After locating "notamment, et parfois", return its line and all lines that follow through the end of the listing below, exactly; leave out pictures.

Dataset excerpt =

┌──

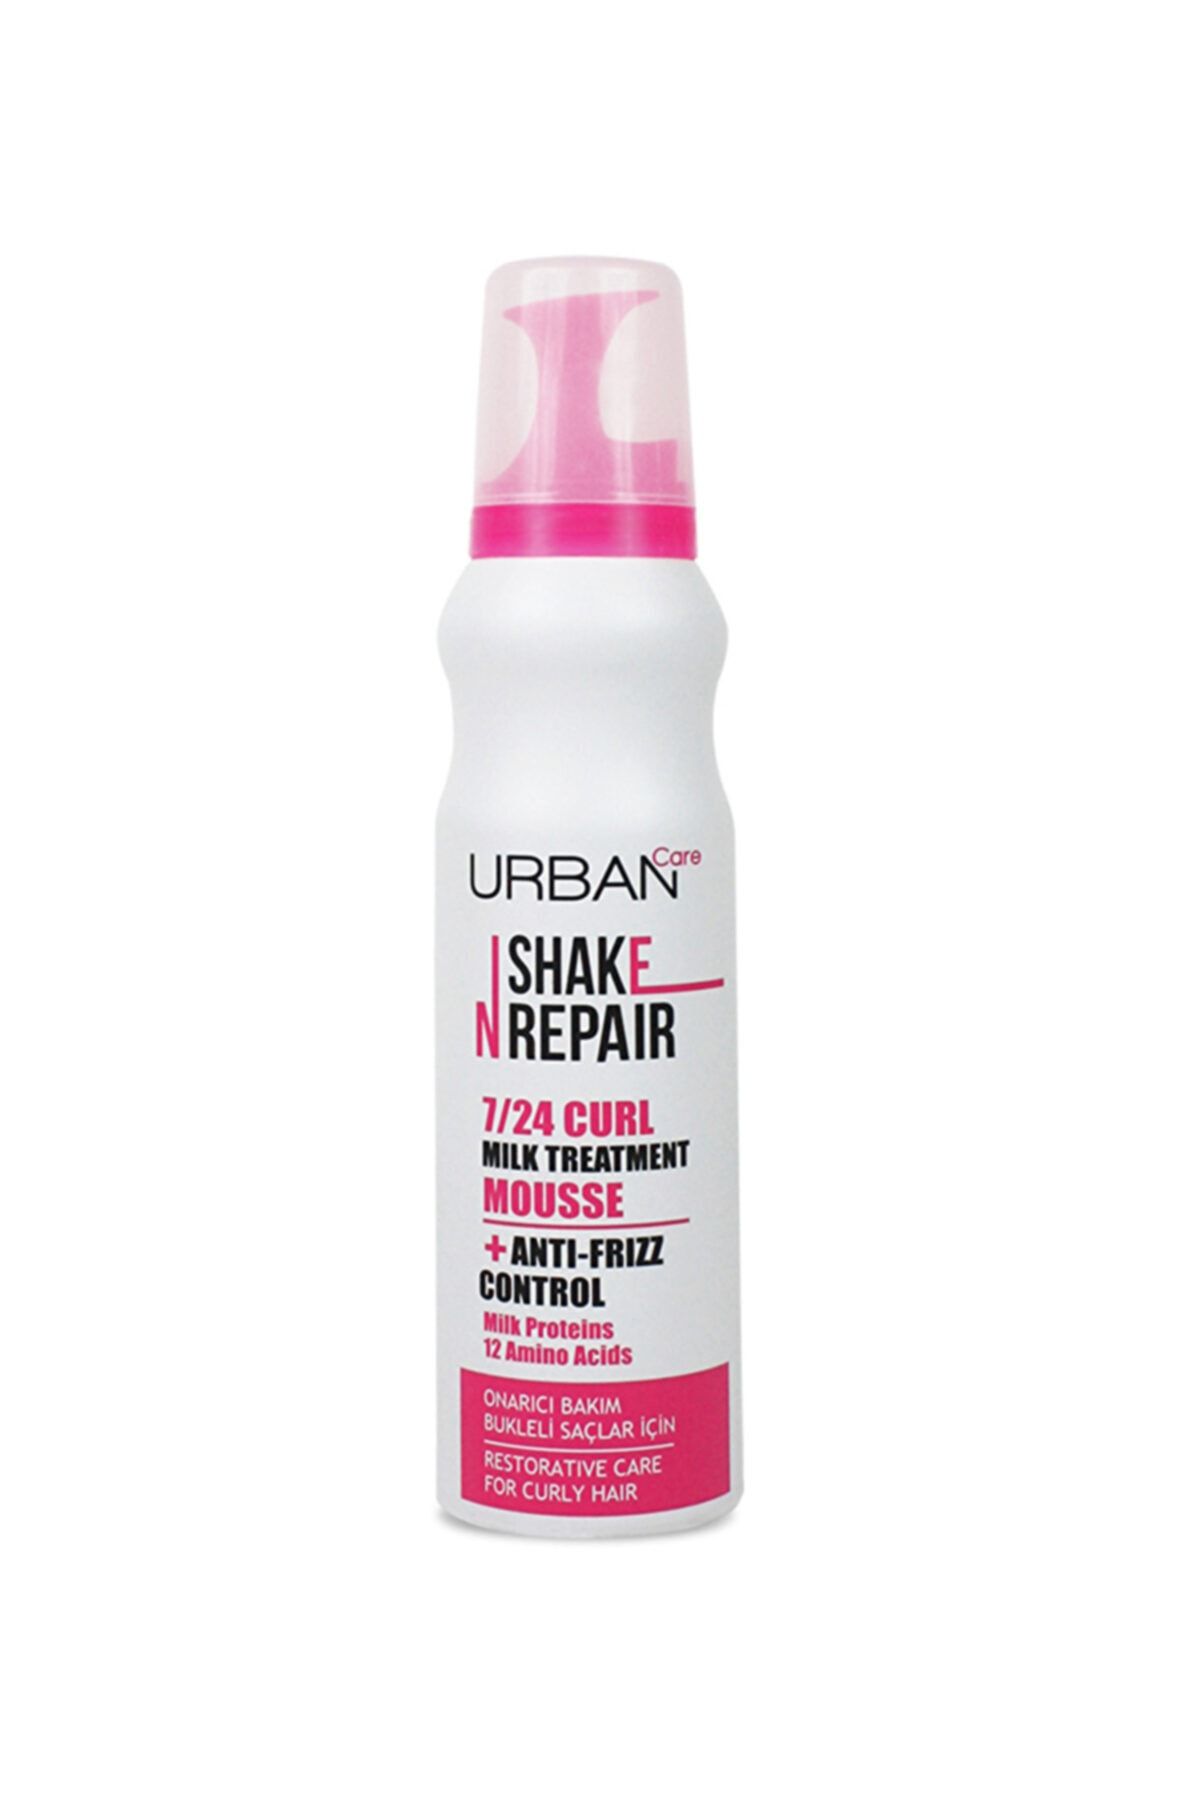 Urban Care Sshake N Repair 7/24 Curl Milk Mouss
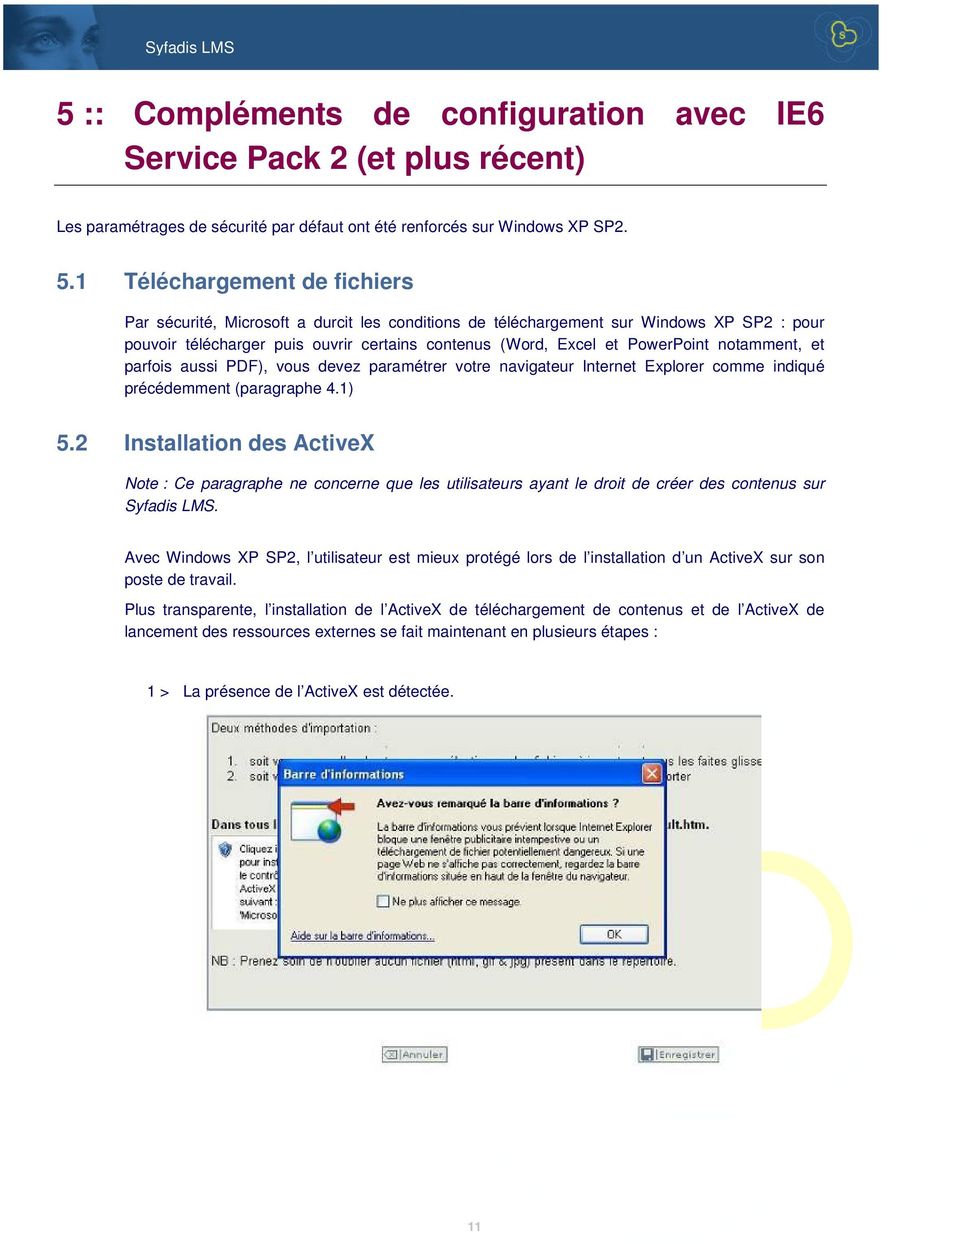 notamment, et parfois aussi PDF), vous devez paramétrer votre navigateur Internet Explorer comme indiqué précédemment (paragraphe 4.1) 5.
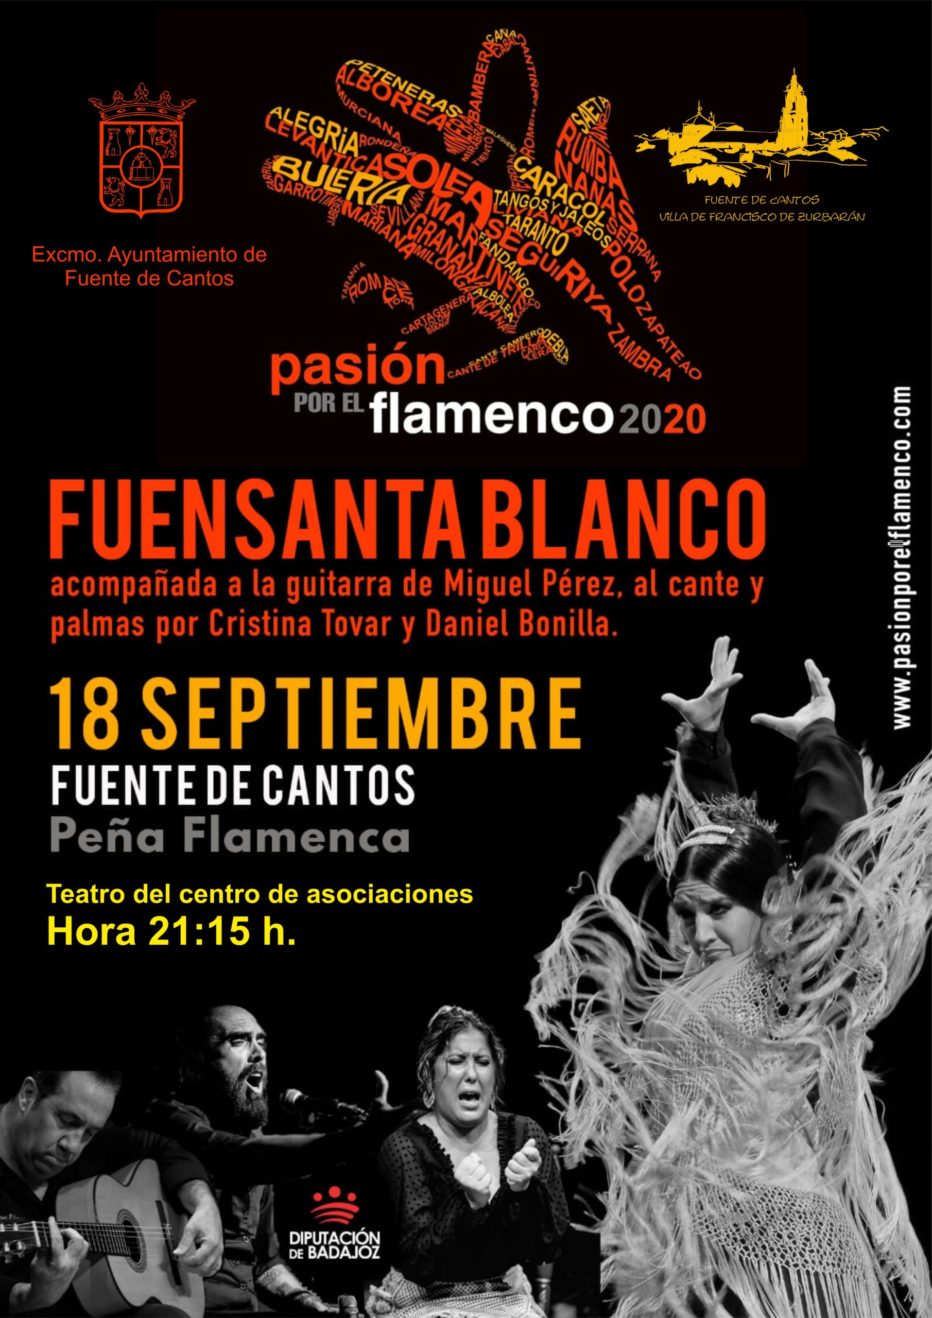 El Otoño Flamenco se traslada al Auditorio del centro de asociaciones
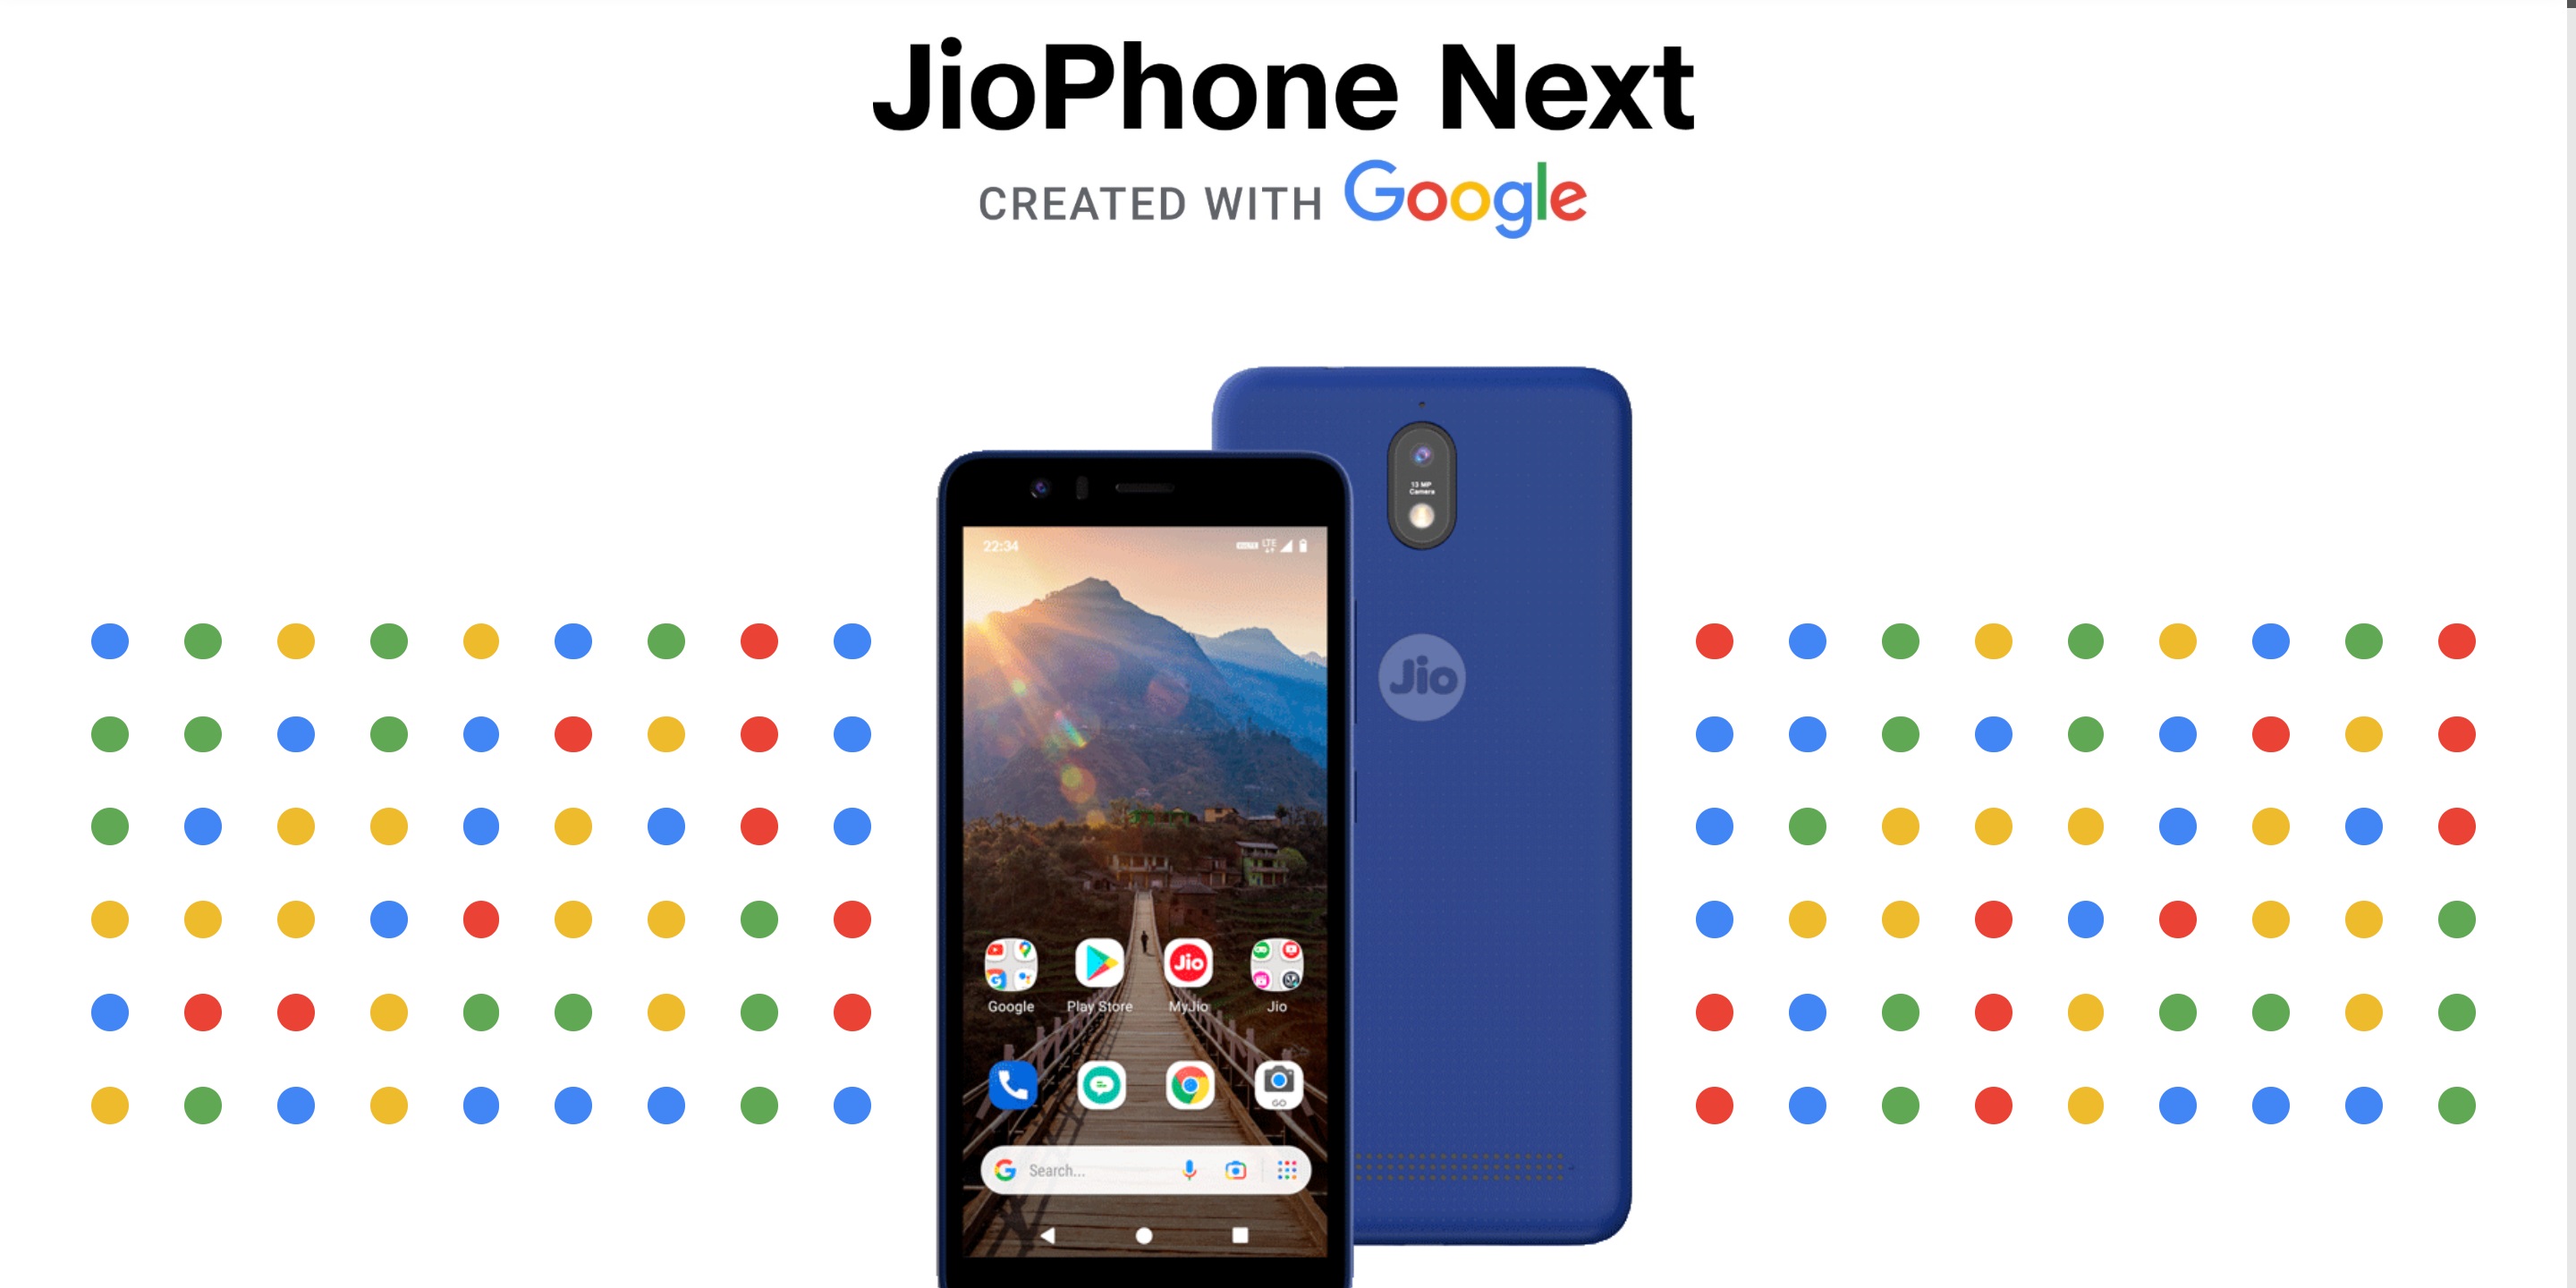 Cena "najtańszego na świecie smartfona 4G" JioPhone Next, stworzonego we współpracy z Google, została w końcu ogłoszona

└──

Solution to this problem =
 notamment, et parfois aussi PDF), vous devez paramétrer votre navigateur Internet Explorer comme indiqué précédemment (paragraphe 4.1) 5.
 El Otoño Flamenco se traslada al Auditorio del centro de asociaciones
 Cena "najtańszego na świecie smartfona 4G" JioPhone Next, stworzonego we współpracy z Google, została w końcu ogłoszona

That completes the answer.